- Born: 27 August 1966 (age 60) Pau, France
- Education: University of Toulouse III
- Awards: IWGSC Leadership Award (2019); Vermeil Medal of French Academy of Agriculture (2015); Legion of Honor (2015); Order of Agricultural Merit (2013);
- Scientific career
- Fields: Genomics
- Thesis: Etude de l'export de protéïnes hétérologues chez la bactérie Escherichia coli (1995)

= Hélène Bergès =

French biologist

Hélène Bergès (born August 27, 1966 in Pau) is a French scientist and was the Director of the French Plant Genomic Resources Center from its foundation until 2019.

==Education==
Bergès completed a doctorate in 1995 at the Toulouse III - Paul Sabatier University in the fields of genetics and molecular biology.

==Career==
After her PhD, Bergès joined the National Institute for Agricultural Research (INRA) in 1998, to first focus on research in studying plant interactions with microbes. In 2003, her position at INRA allowed her to found a separate department called the French Plant Genomic Resources Center (CNRGV) where she was the director until 2019. Employing some twenty people, the CNRGV is involved in various international sequencing consortia, develops various projects funded by the French Government (Grand Emprunt), the French National Research Agency (ANR) or the European Union, in collaboration with various laboratories all around the world. Along other activities, Hélène Bergès is member of the scientific committee of the Parliamentary Office for the Evaluation of Scientific and Technological Options (OPECST). In 2021, she was one of the researchers highlighted in the " La Science taille XX elles" exhibition presented in Toulouse.

==Research==
Bergès' early research used Escherichia coli as a model system to examine cytokines and plasmid copy numbers.

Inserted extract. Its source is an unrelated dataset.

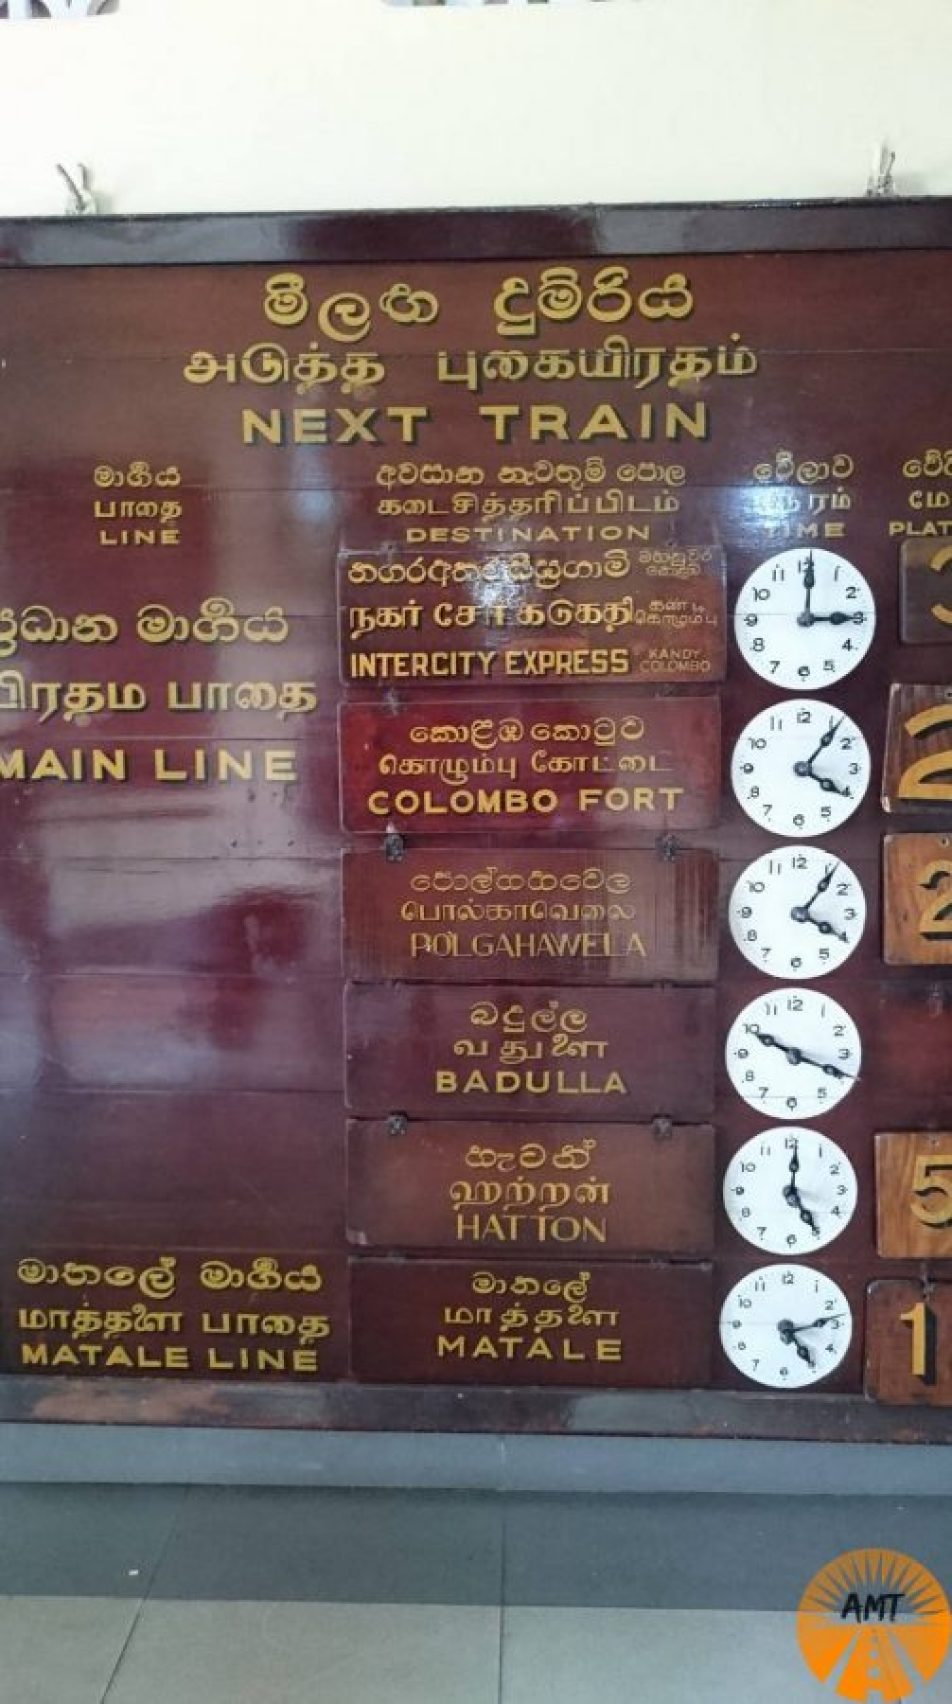 Kandy station, Sri Lanka

She then moved on to examine the bacterial cells associated with plant roots including the development of microarrays which allowed her to quantify gene expression in these bacteria. She was an early adopter of the need to sequence plant genomes, and her recent work includes large-scale sequencing projects including those generating genomic information on barley, wheat, and sunflowers.

==Selected publications==

- International Barley Genome Sequencing Consortium (2012). "A physical, genetic and functional sequence assembly of the barley genome"
- Becker, Anke (2004). "Global Changes in Gene Expression in Sinorhizobium meliloti 1021 under Microoxic and Symbiotic Conditions"
- Young, Nevin D. (2011). "The Medicago genome provides insight into the evolution of rhizobial symbioses"
- Yousfi, Fatma-Ezzahra (2017). "Comparative Analysis of WRKY Genes Potentially Involved in Salt Stress Responses in Triticum turgidum L. ssp. durum"
- Bergès, Hélène (2003). "Development of Sinorhizobium meliloti Pilot Macroarrays for Transcriptome Analysis"
- Bergès, Hélène (2001). "A glutamine-amidotransferase-like protein modulates FixT anti-kinase activity in Sinorhizobium meliloti"
- Bergès, H (1997). "Isolation and characterization of a priB mutant of Escherichia coli influencing plasmid copy number of delta rop ColE1-type plasmids"

==Awards and honors==
The National Institute for Agricultural Research gave Bergès their 2012 engineering award. She was one of ten recipients of the 2015 Vermeil Medal of the French Academy of Agriculture, and she was given the 2018 "Outstanding Leadership Award" from the International Wheat Genome Sequencing Consortium, for "her leadership in BAC pooling and BAC libraries". In 2015, she was made Knight of Legion of Honour, and she is also a Knight of the Order of Agricultural Merit.